I'm not sure whats so great about this book. I guess its just the fact that when Kinsella says there was this totally fantastic event, you believe him. Who knows why? The man is an amazing writer, and this proves it. By the way, if you are a teacher by all means, assign this book to your class instead of the tired old 19th century british class warfare novel.

Rating: 5 stars
Summary: The Iowa Baseball Confederacy
Review: This was one of the funnest (is that a word?) books I've ever read. I rarely find a book that builds a story like this one. Kinsella has a gift of weaving reality and fantasy back and forth until you aren't sure what is or isn't possible. The story begins very much rooted in reality then slowly creeps into a fantasy world where baseball is no longer just a game, but quite literally becomes a religion, complete with choirs and lighting bolts from heaven. I actually noticed my heart beating faster as the games intensity built, I think it was around the 1700th inning. That's right 1700th. Read this book if you love baseball. Read this book if you don't, you won't be disapointed.

Rating: 5 stars
Summary: Another Classic Baseball Novel
Review: W.P. Kinsella is one of my all-time favorite writers, and this is one of his better novels. If you've seen the movie, "Field of Dreams," or read his book "Shoeless Joe," which was the basis for the movie, you know what to expect from Kinsella.

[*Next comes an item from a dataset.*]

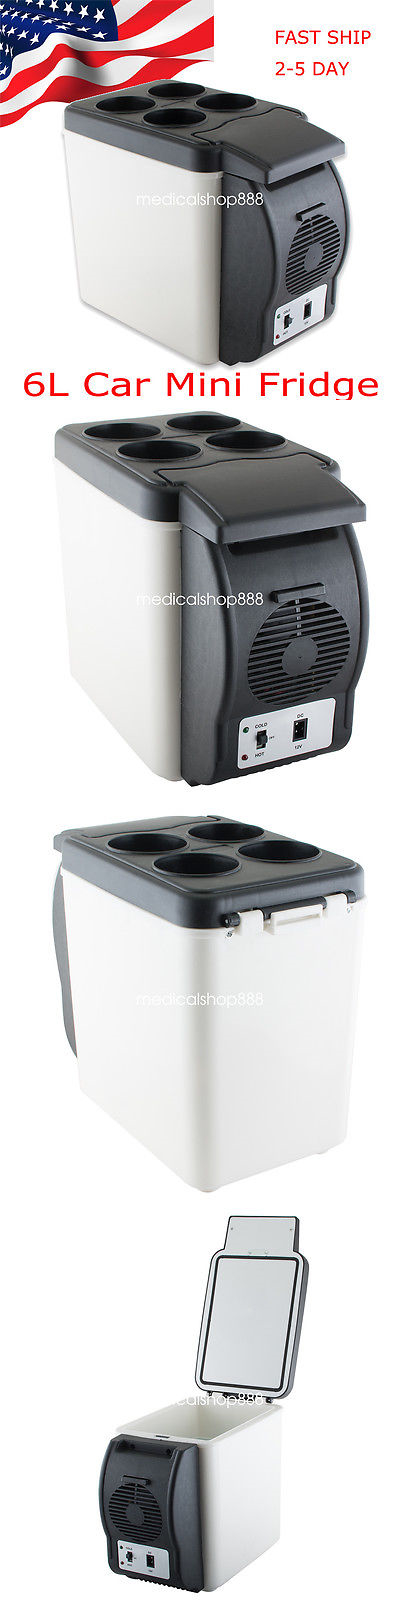 12-Volt Portable Appliances: From Usa!6L Car Refrigerator Fridge ...

His stories of baseball and magic are written for readers with vivid imaginations. This is a story of a researcher looking for proof of an old league that nobody else can remember. He somehow ends up at a never-ending exhibition game between the 1908 Cubs and the all-stars from this Iowa league.

As usual with Kinsella, the book is about a lot more than baseball. If you're the type of reader who can accept a story that seems totally unbelievbale, and if you like baseball, you should try this one. If you like it, he's written quite a few other books and I haven't found a bad one yet.

Rating: 2 stars
Summary: Mind-boggling
Review: What's so mind-boggling is the drugs that Kinsella must have been smoking in order to come up with this one. Now read this description of the book:
An albino, like his dead father, is convinced that a 3000 inning game took place 80-some years ago between the Chicago Cubs and the Iowa baseball Confederacy All-stars. The albino is somehow able to go back in time and witness the game (as a matter of fact the local hicks use him as a good-luck charm and rub his head before stepping to the plate, allowing him to remain in the dugout) in all its glory. Then Teddy Roosevelt shows up and takesa few swings, telling the pitcher not to patronize him after throwing an easy pitch, and then making a cheap pun about the bat being a "big stick." Soon after that Leonardo DaVinci showed up in a balloon and watches a few innings. Shortly thereafter a giant flood occurs and some of the players spontaeneouly throw themselves in the waters. To fill the vacancies, a statue of an angel plays in the outfield.

There, I think I've covered all the bases, so to speak. Oh, I forgot the Native America named "Drifting Away" who is messing with the reality of this county and eventually plays in the game too.

Look, I don't like to be so completely negative, but the book was ludicrous. To make matters worse, it throws in a fairly gratuitous love interest who is the spitting image of the Albino protagonist's mother (kinda Fruedian) and more seemingly random things than could possibly be mentioned in this review. And bear in mind, reading these things, that I'm a baseball fan.